Final answer:
The normal approximation to the binomial distribution was applied to find the probability that more than 300 out of 400 students prefer texting over talking on the phone. The calculated z-score was -4.71, and using standard normal distribution, the probability of more than 300 students preferring texting is very small.
Step-by-step explanation:
The question concerns the use of the normal approximation to the binomial distribution to find the probability that more than 300 out of 400 students prefer texting over talking on the phone, given that 85% of students prefer texting. To solve this problem, we calculate the mean (μ) and the standard deviation (σ) for the binomial distribution and then convert the problem to a z-score which compares our result to the standard normal distribution. Since the question requires a normal approximation, we apply the continuity correction by looking for the probability of more than 300.5 students (instead of 300) favoring texting.

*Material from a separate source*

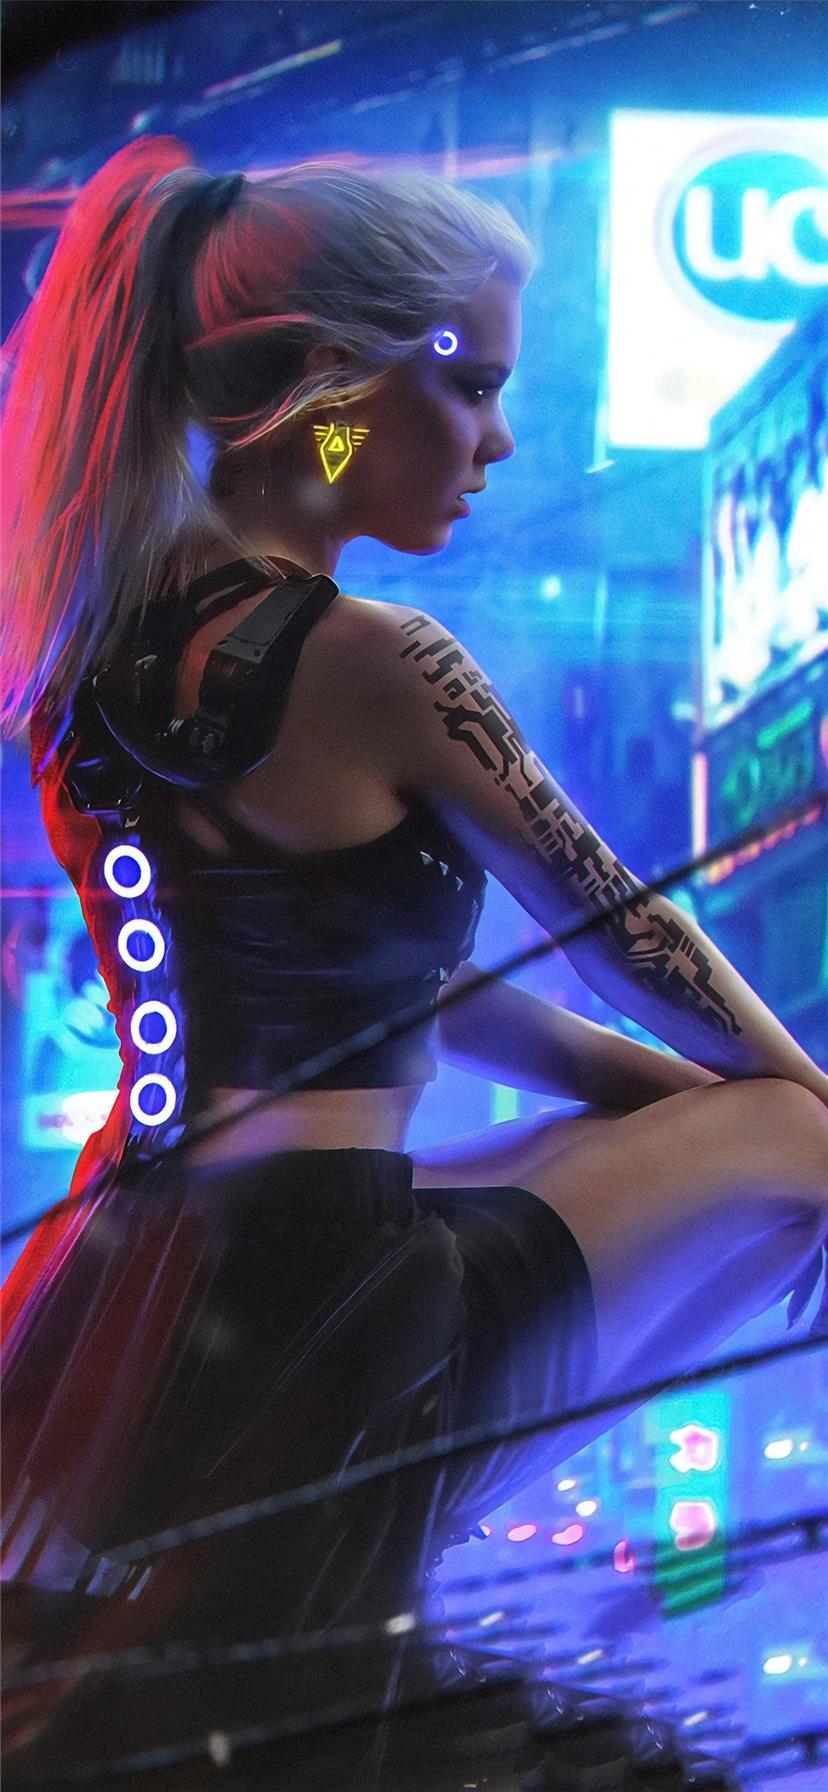 cyberpunk neon girl 4k iPhone Wallpaper Free Download
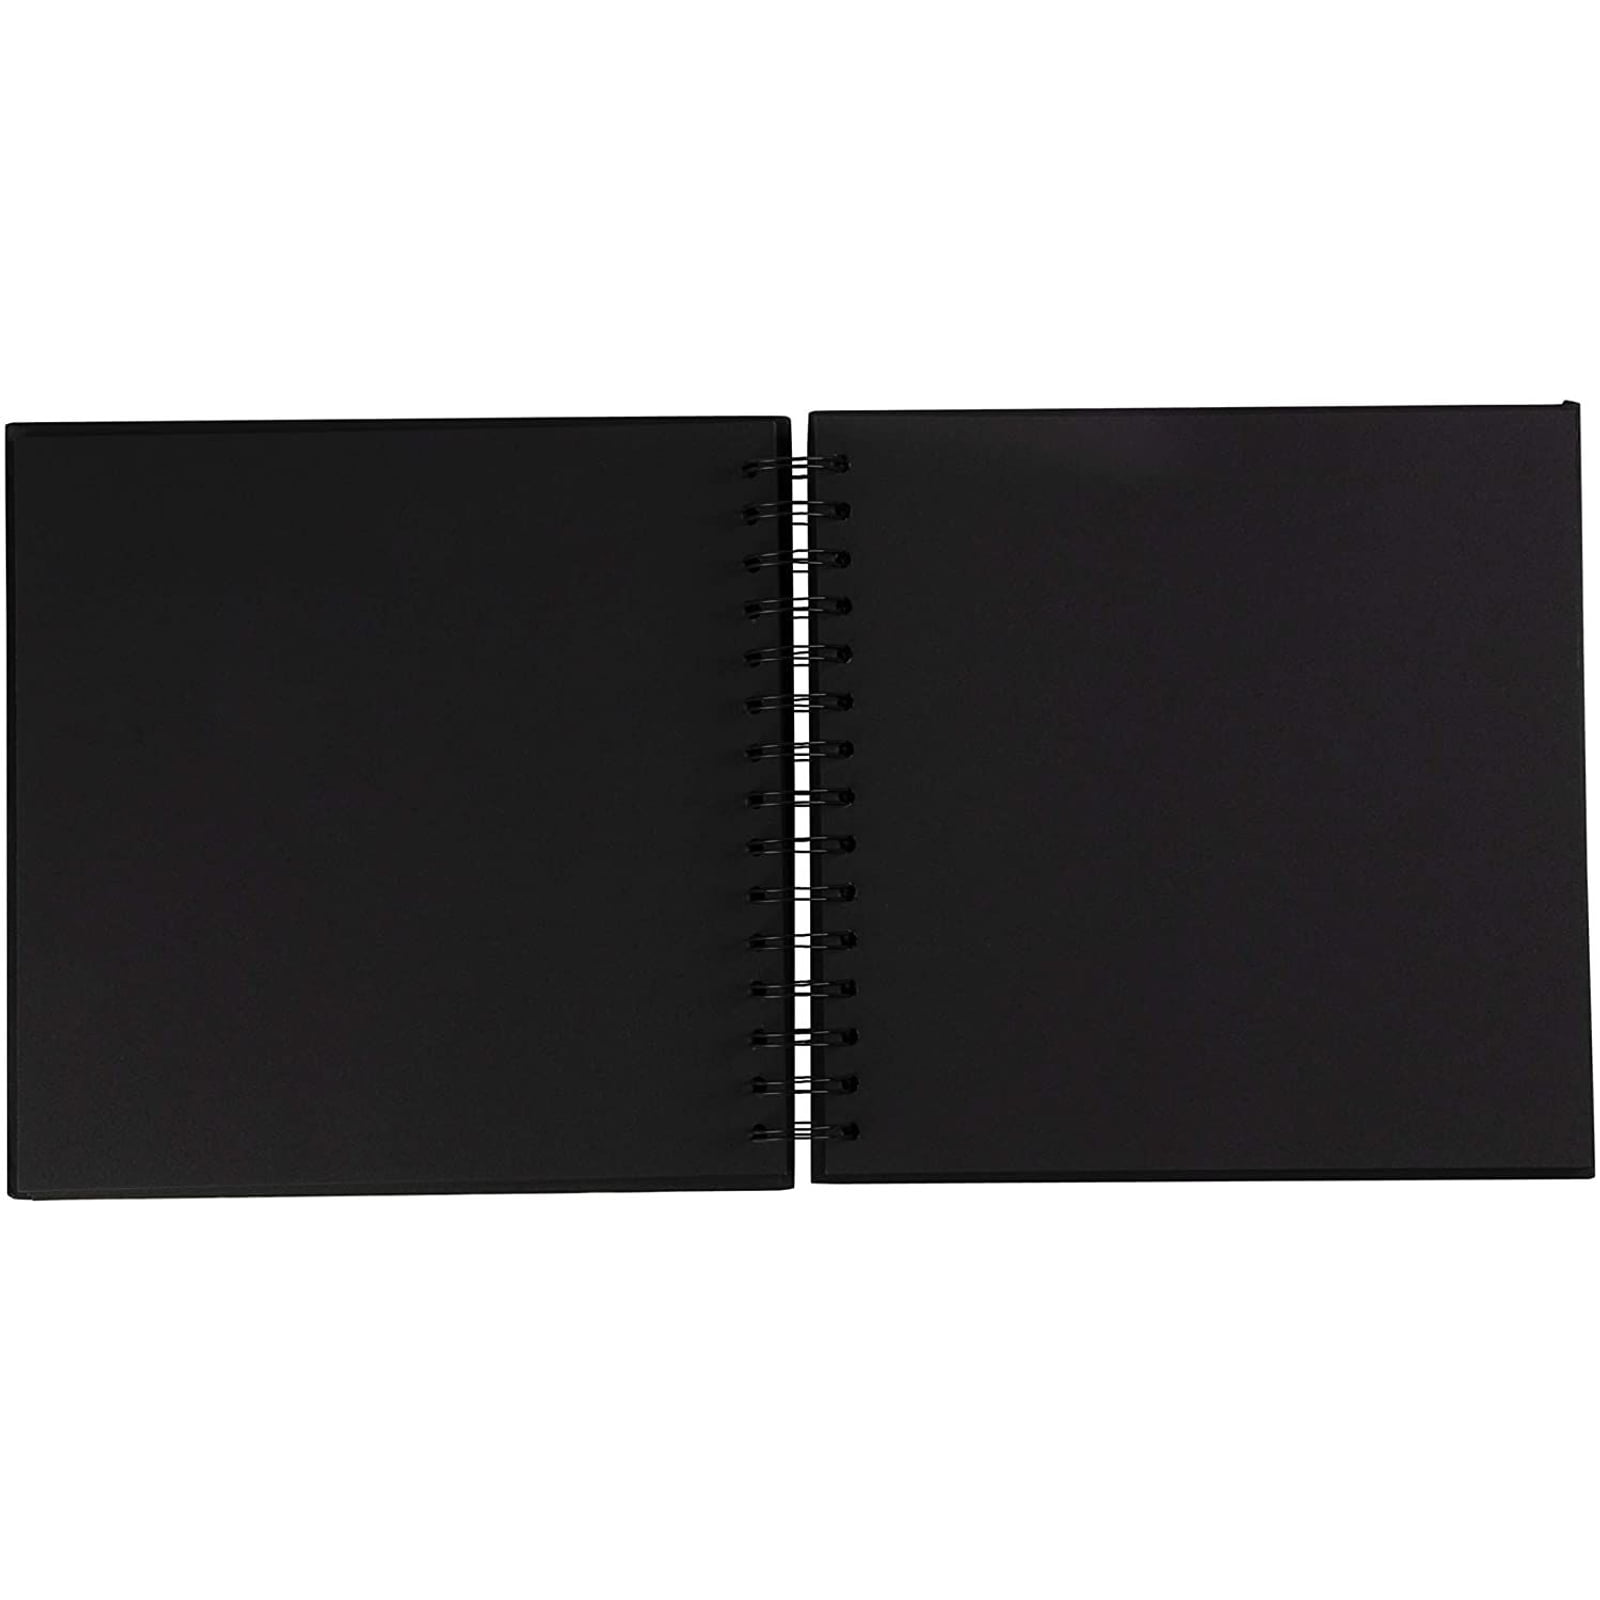 Jacquard Colorpad Waterproof Refill - Black - Scrapbooking Made Simple

First, we find the mean μ = n * p = 400 * 0.85 = 340 and the standard deviation σ = √(n * p * (1-p)) = √(400 * 0.85 * 0.15) ≈ 8.37. Then we calculate the z-score using Z = (x - μ) / σ = (300.5 - 340) / 8.37 = -4.71. Using standard normal distribution tables or software, we find that the probability of a z-score greater than -4.71 is extremely high, practically 1, meaning the probability that more than 300 students prefer texting is accordingly very small (since we're looking at the upper tail of the distribution).